Effects of Unsteady Coanda Blowing on the Wake and Drag of a Simplified Blunt Vehicle
The impact of periodic forcing on the wake past a square back bluff body is experimentally studied. By the use of pulsed jets in combination with a Coanda effect, shear layer forcing allows to recover over 30 % of the model’s base pressure. The actuation frequency is an order of magnitude higher than the natural flow instabilities. Velocity measurements indicate that this direct wake control modifies the vorticity development along the shear layers and shrinks the width of the recirculating flow region down. At the same time, the velocity fluctuations in the near wake decrease, without measurable impact on the oscillatory vortex shedding. With this control strategy, both the flow deviation and the base pressure recovery are dependent on the upstream Reynolds number.
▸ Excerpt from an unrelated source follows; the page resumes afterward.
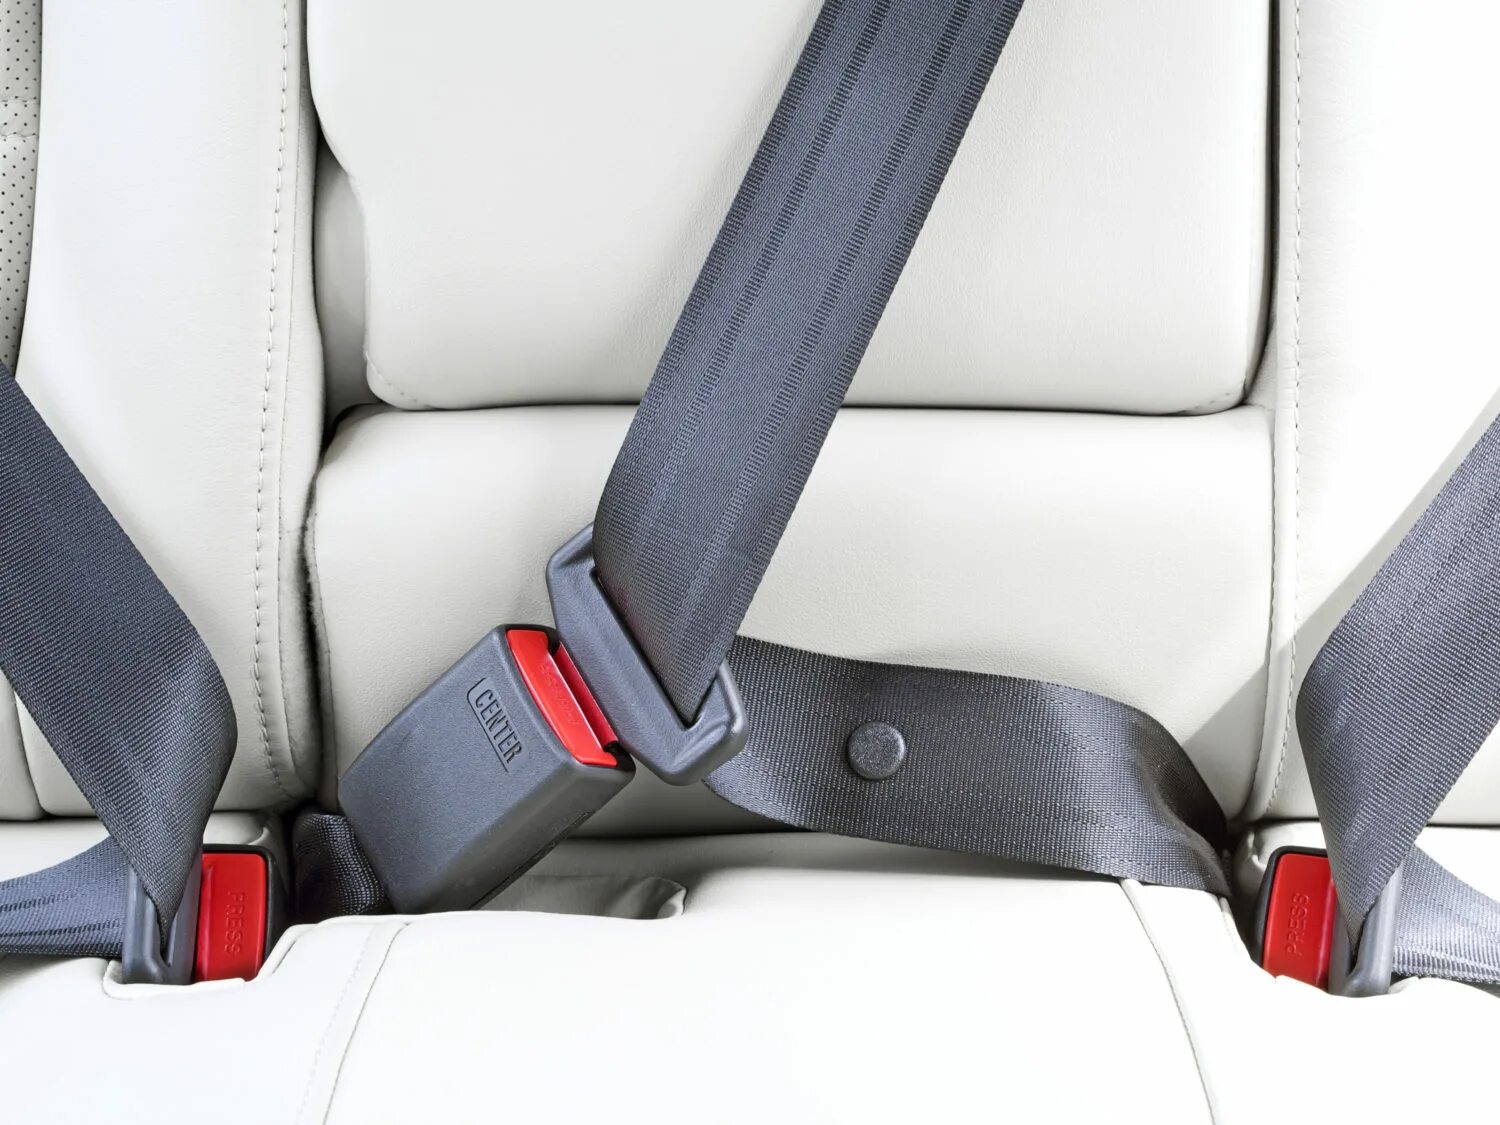 Ремень безопасности высота. Seat Belt, Safety 95.241-210. Wear a Seat Belt. VAG 8 гр., VW, Seat Belt. Ремни безопасности пассажиров задних рядов т4.
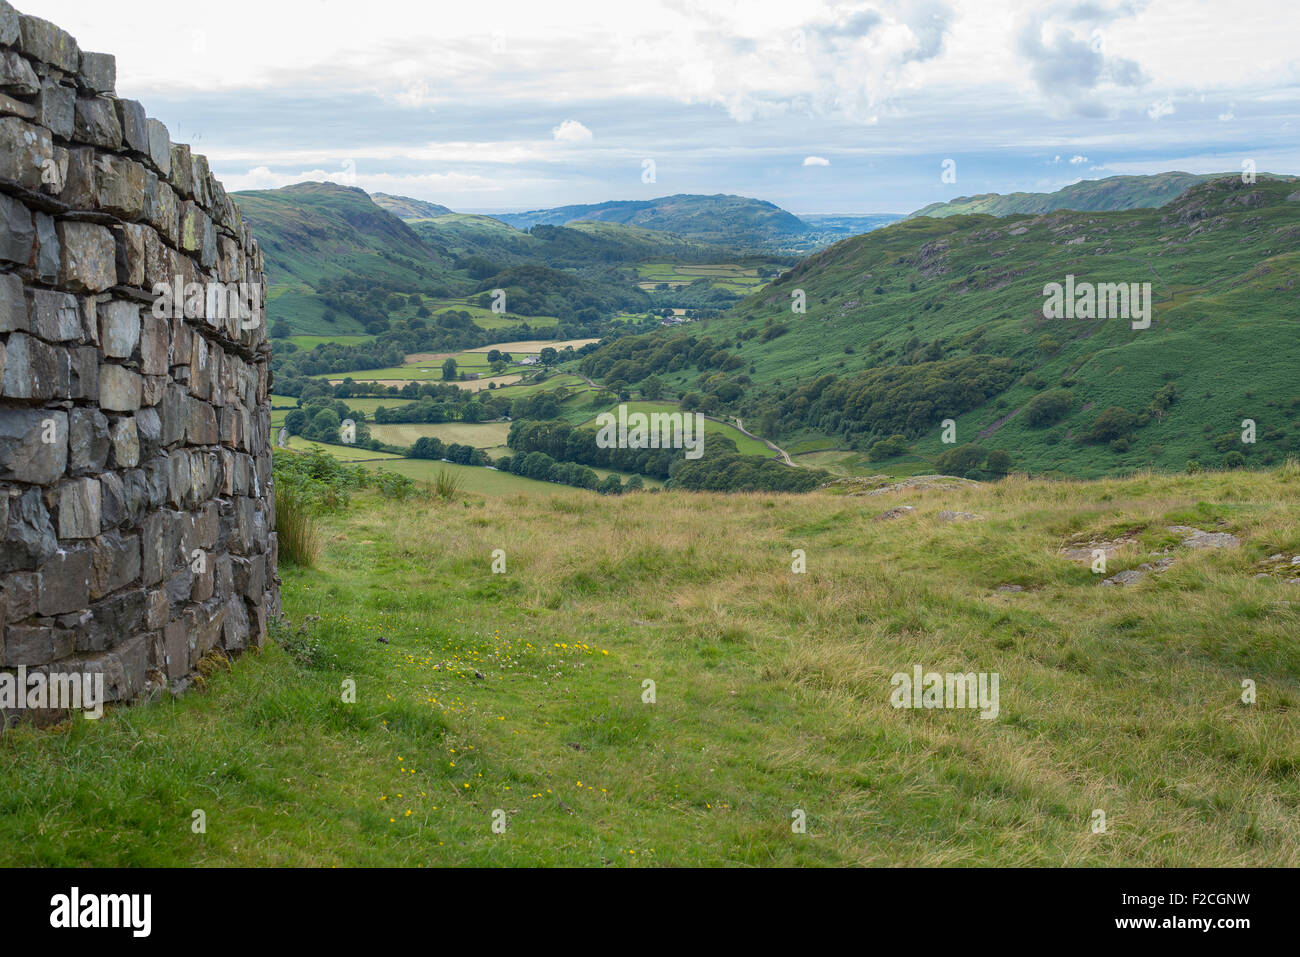 Hardknott römischen Kastells befindet sich auf dem Harknott Pass im Eskdale Tal im englischen Lake District, Cumbria, Großbritannien. Stockfoto

Particle image velocimetry data and pressure measurements are used to discuss the origin of these observations.
KeywordsParticle Image Velocimetry Shear Layer Strouhal Number Bluff Body Rear Surface
The thesis of D.B is supported financially by PSA—Peugeot Citroën and ANRT in the context of the OpenLab Fluidics between PSA - Peugeot Citroën and Institut Pprime (fluidics@poitiers). The authors acknowledge the funding of the Chair of Excellence - Closed-loop control of turbulent shear flows using reduced-order models (TUCOROM)- supported by the French Agence Nationale de la Recherche (ANR). We warmly thank the support during the experiments by J.M. Breux.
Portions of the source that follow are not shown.